Don't mind me, just over here escape-routing this BGA inside out
It made the connector routing so much easier. Otherwise I'd have to swizzle lanes in all kinds of awkward ways with lots of mid-span vias and criscrossing. It's much cleaner this way.
@azonenberg have you seen this one weird trick to reduce the number of vias in your PCB design?
@th @azonenberg Through hole components are easier to work with
@th @azonenberg Imagine you try to order a reel of chips but you try to convince the manufacturer to put them in the reel upside down
@jaseg @th @azonenberg
Which some fine day inevitably end up as deadstock.
@nblr @th @azonenberg Giving a whole new meaning to "flip-chip packaging"
@jaseg @nblr @th Yeah I wonder how you'd do that? Upside down tray maybe? You couldn't do a tube this way, only with a SOIC/TSSOP style 2-sided package
@azonenberg @jaseg @nblr @th some guy whose job is to flip over every chip in a tray 😂
@acsawdey @azonenberg @nblr @th doing that by hand would probably not be prohibitively expensive, but it would make for one of the more annoying jobs on the production line. It would also carry some risk of bent pins.
@jaseg @acsawdey @azonenberg @th
Leave alone getting the rotation right with a 100% success rate. Humans are not good at this.
Probably easiest to flip the entire tray into a new/empty one.

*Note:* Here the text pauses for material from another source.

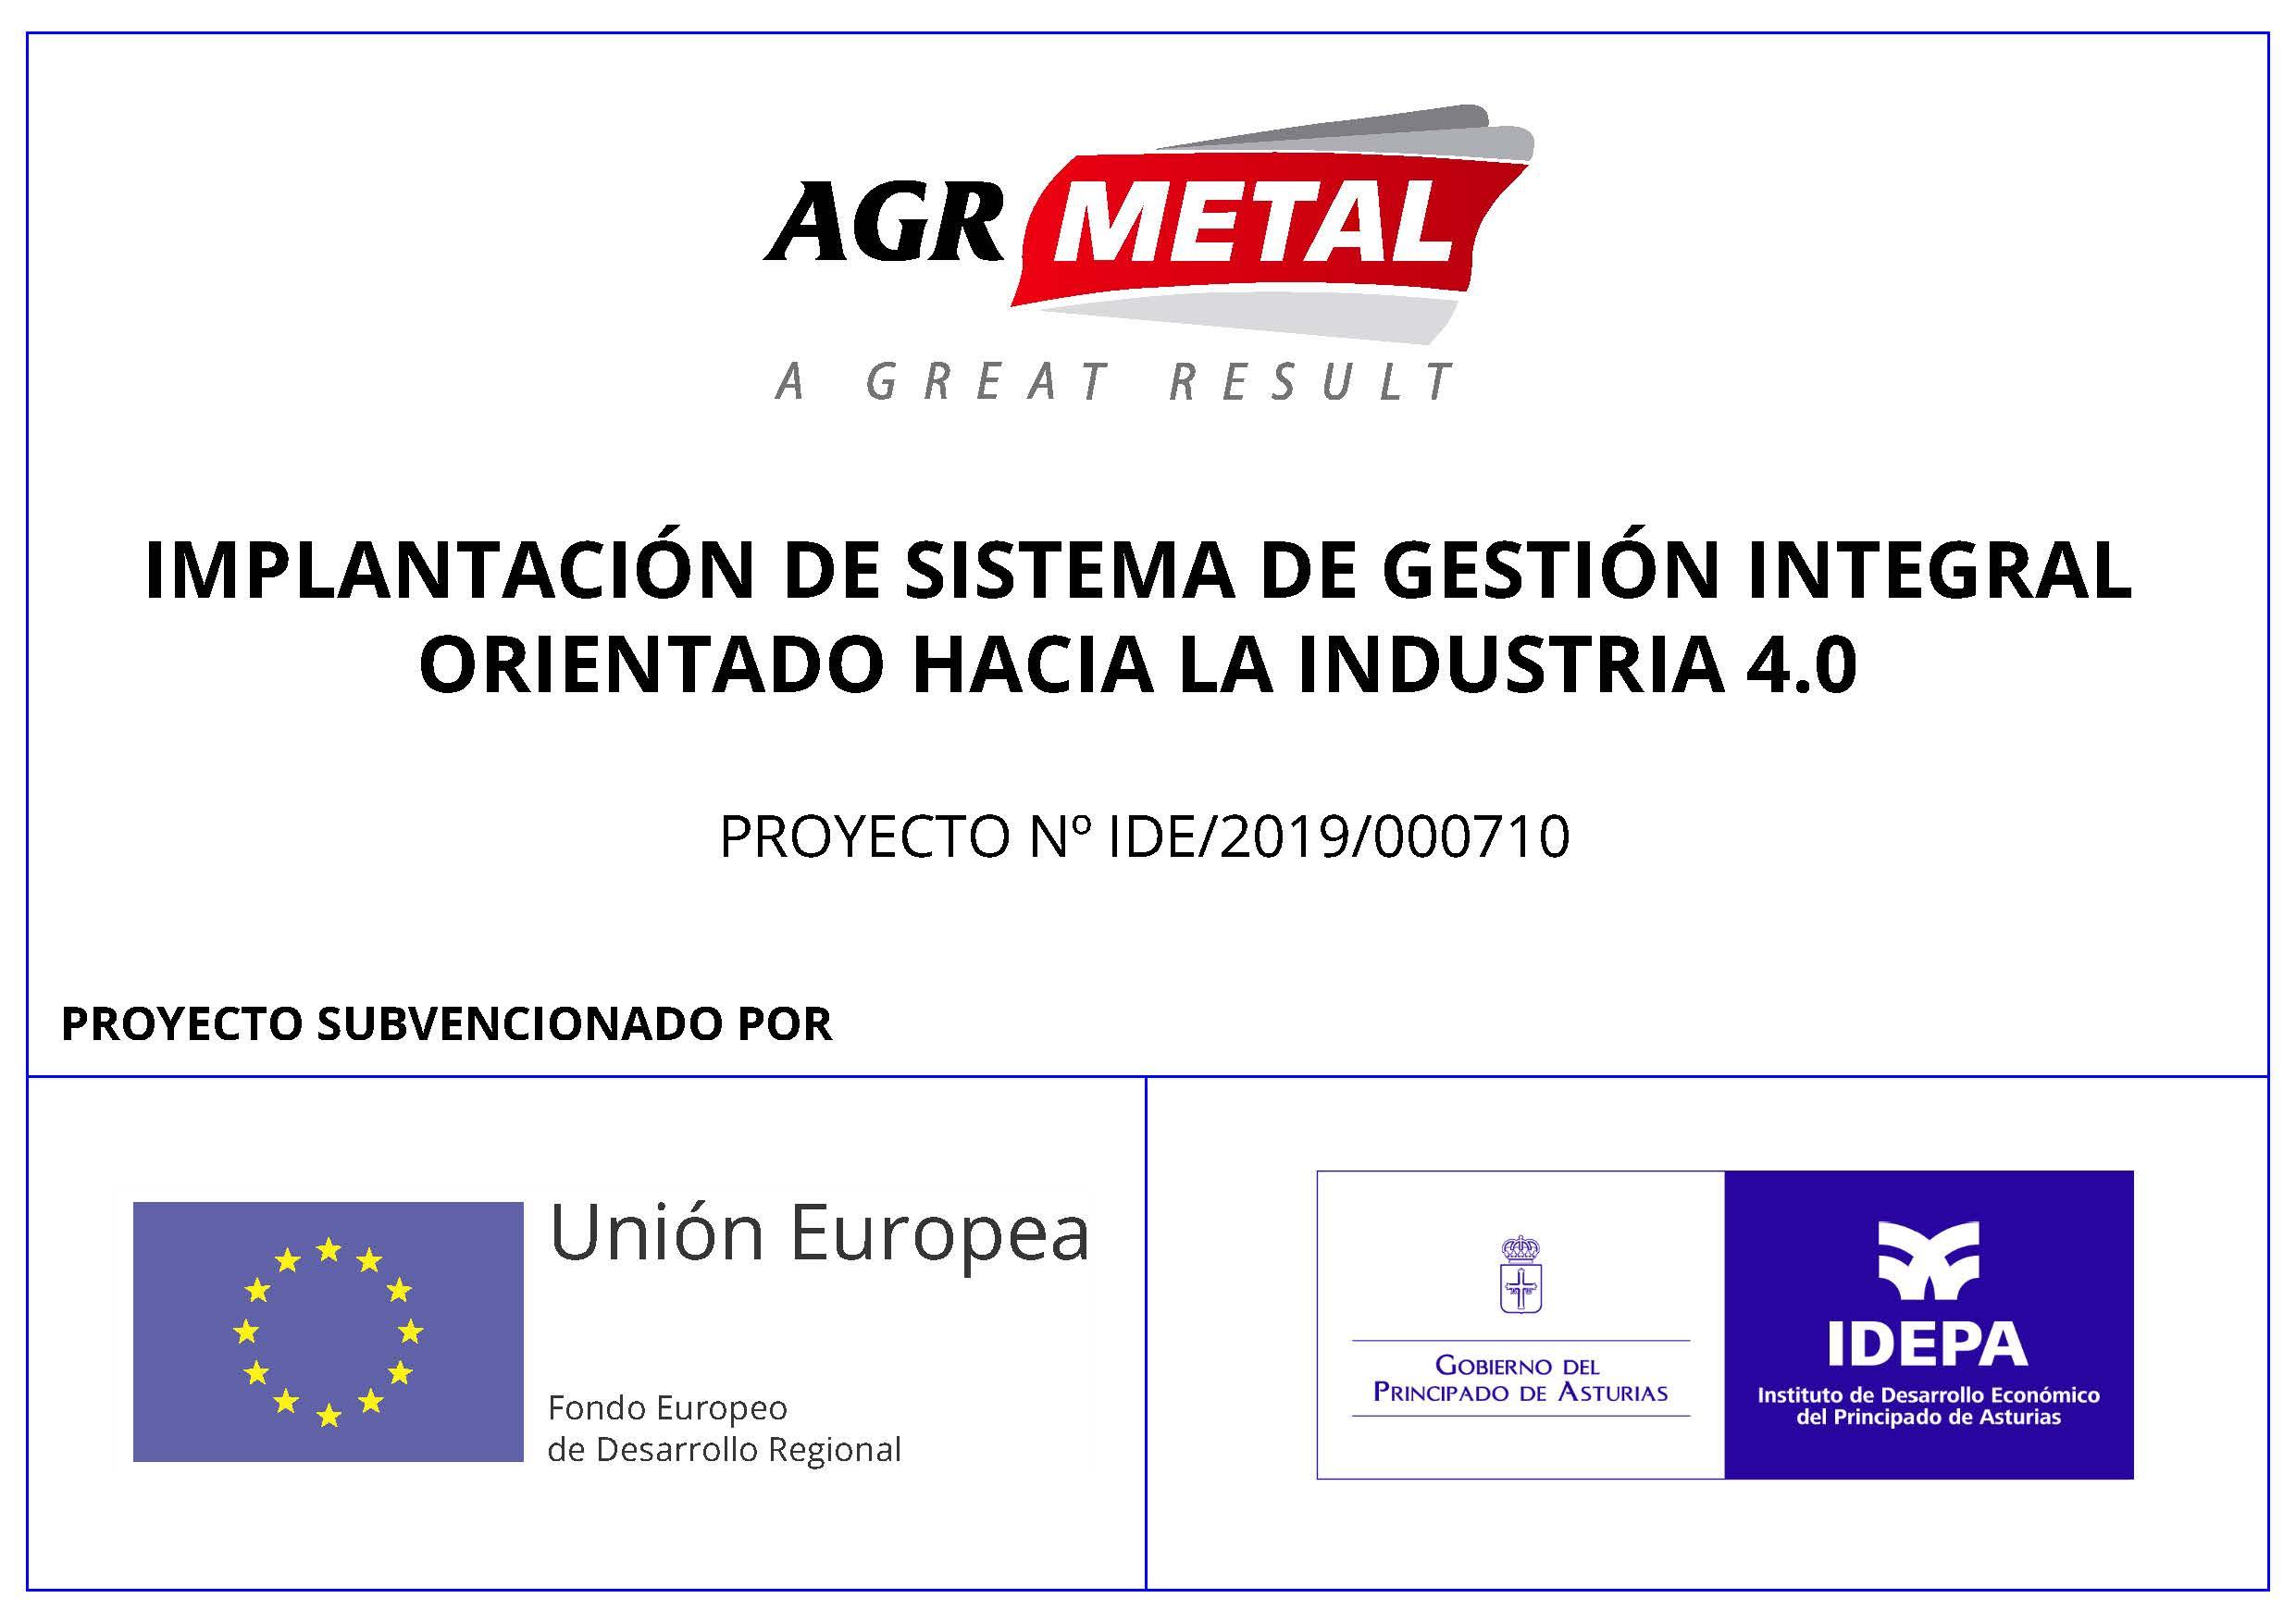 IMPLANTACIÓN DE SISTEMA DE GESTIÓN INTEGRAL ORIENTADO HACIA LA INDUSTRIA 4.0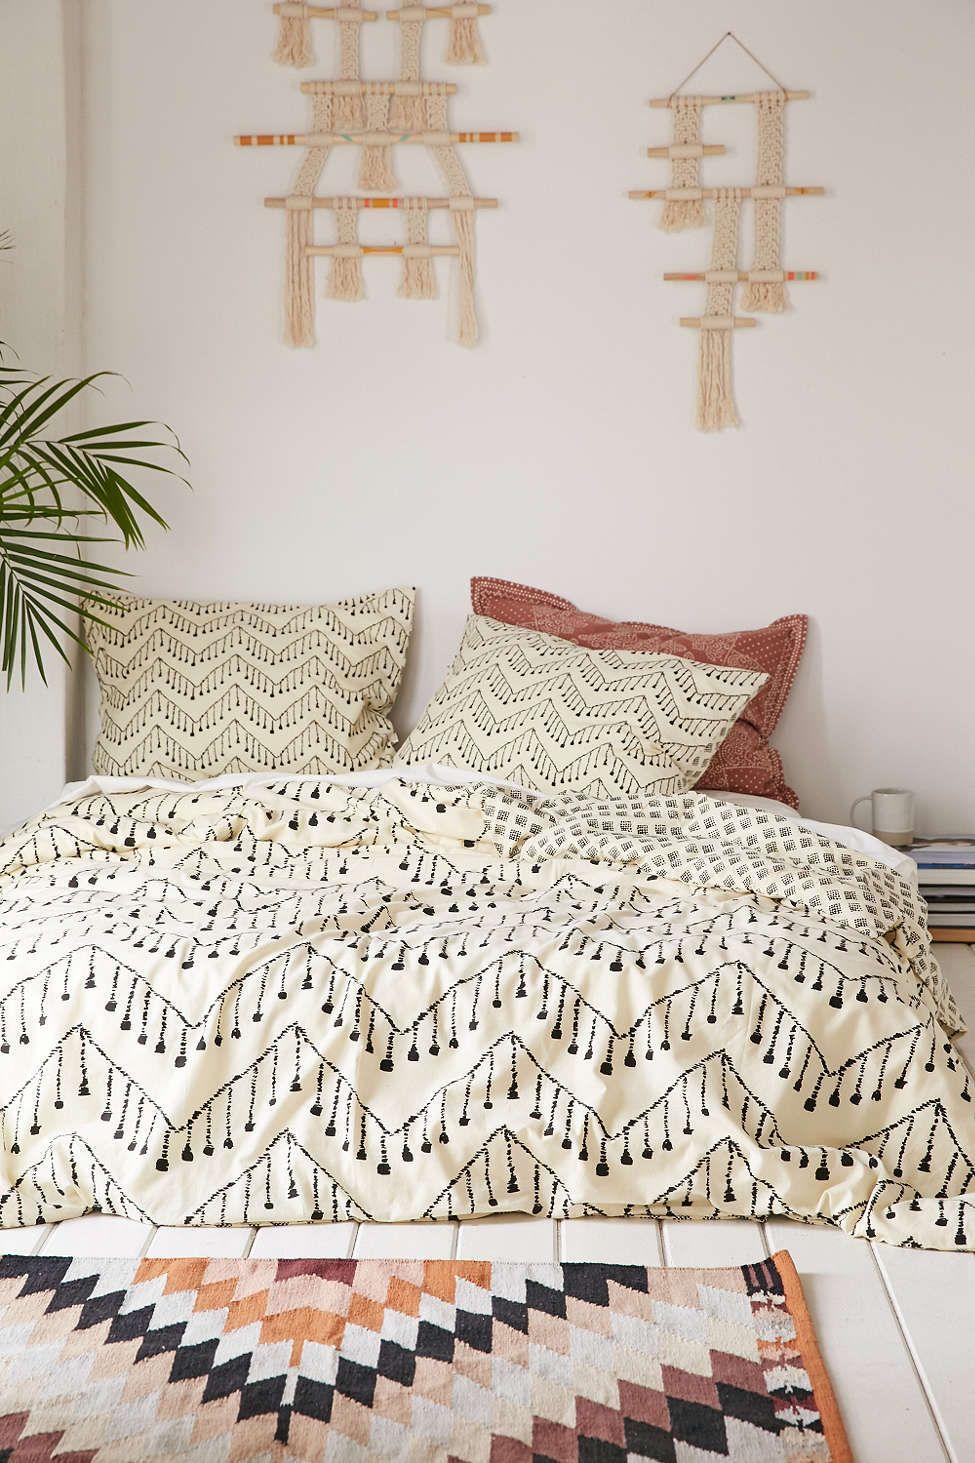 housse de couette inigo hand 4040 locust room d cor uo pinterest housses de couette. Black Bedroom Furniture Sets. Home Design Ideas

@nblr @jaseg @azonenberg @th yeah I was playing the comedy aspect here .. thinking if the chocolate factory episode of I Love Lucy (“Job Switching”) only with trays of chips.

Reality is the “flip tray into another” or a special attachment to let the robot flip it after it has picked it out of the tray, that way you don’t need 2 trays for the situation where the same chip is used both ways. And the humans don’t have to do anything different they might screw up.

@jaseg @acsawdey @azonenberg @nblr @th I don't know whether that is a high-volume board. If not, why flip chips at the chippy instead of at the assembly? If it's some poor soul's job to rotate the chip anyways, that might just as well happen when manually placing that single "sunk" IC prior to reflow. Reference photo of how correct rotation looks like from the bottom (now: top side) next to the workplace.
@th @azonenberg Great! I like ESP32 wroom modules in almost every way, except they make the board feel thick
@th @azonenberg looks like something that would cost extra in manufacturing. Cant imagine normal pic and place can do that properly. Can it?
@th @azonenberg One of those in some of the Amstrad machines

@th @azonenberg Found an image

https://www.retronerd.co.uk/wp-content/uploads/2022/07/IMG_20220709_183441-scaled.jpg

and zoom in on the flat chip left middle. So there are millions of computers with that in them 8)

@th @azonenberg god I love cursed ideas like that
@th @azonenberg TRS-80 Model 100 display board. The "dead bug" mounting of chips is well known.